Canadian physician, academic, diplomat and writer

Philippe Panneton (or Joseph-Philippe Panneton, pseudonym Ringuet, which was his mother's maiden name; April 30, 1895 – December 28, 1960) was a Canadian physician, academic, diplomat and writer.

Born in Trois-Rivières, Quebec, he received a degree in medicine from Université Laval in 1920. In 1935, he became a professor at the Université de Montréal. In 1944, he was a founding member of L'Académie canadienne-française (now known as the Académie des lettres du Québec) and served as its president from 1947 until 1953. In 1956, he was named ambassador to Portugal, and died in Lisbon in 1960.

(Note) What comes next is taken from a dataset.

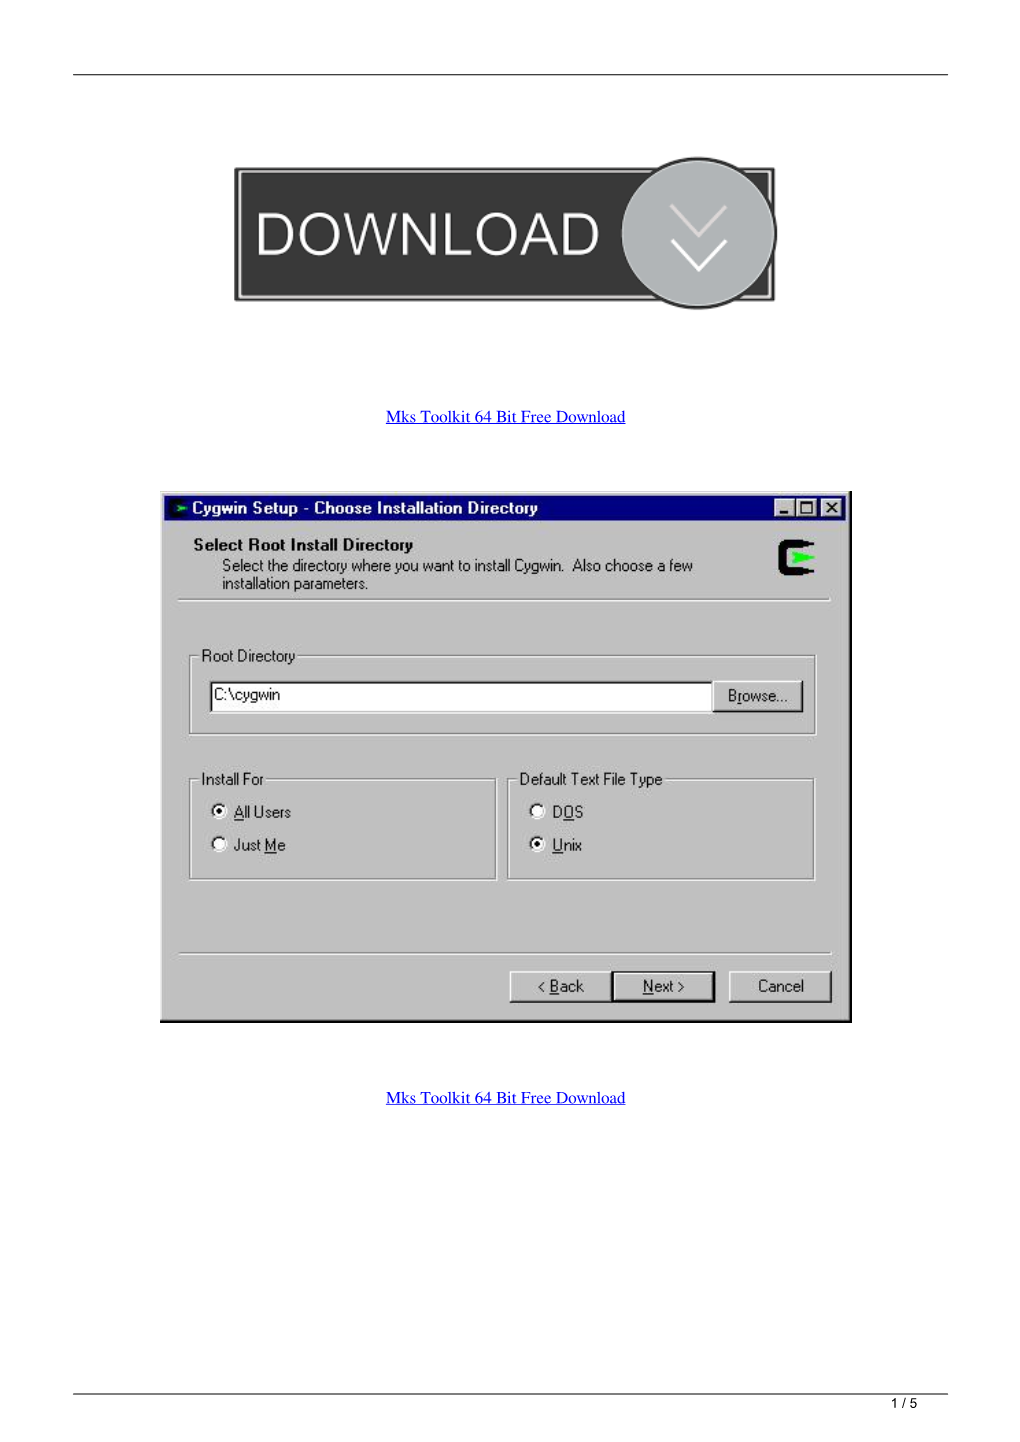 Mks Toolkit 64 Bit Free Download

In 1959, he was awarded the Lorne Pierce Medal.

==Selected works==
- Trente arpents (Paris, 1938), winner of the 1940 Governor General's Award for fiction
  - Thirty Acres, Oxford University Press, New Canadian Library (1940). Afterword by Antoine Sirois, translated by Felix and Dorothea Walter
  - Dreißig Morgen Land. Ein kanadischer Roman. Transl. Franziska Maria Tenberg. Benziger, Einsiedeln [1940] (German)
    - Extraction: Gott die Schuldigkeit erweisen, in: Gute Wanderschaft, mein Bruder. Transl. Carl Scharfenberger. St. Benno, Leipzig 1986 (German)
- Un Monde était leur empire / Their Empire Was a World (1943)
- L'Héritage et autres contes / The Legacy and Other Stories (1946)
  - "The Heritage", translated by Morna Scott Stoddart, in Robert Weaver, Canadian Short stories, Oxford University Press, p. 82—First published in the Tamarack Review (1960)
- Fausse Monnaie / Counterfeit (1947)
- Le Poids du Jour / The Burden of the Day (1949)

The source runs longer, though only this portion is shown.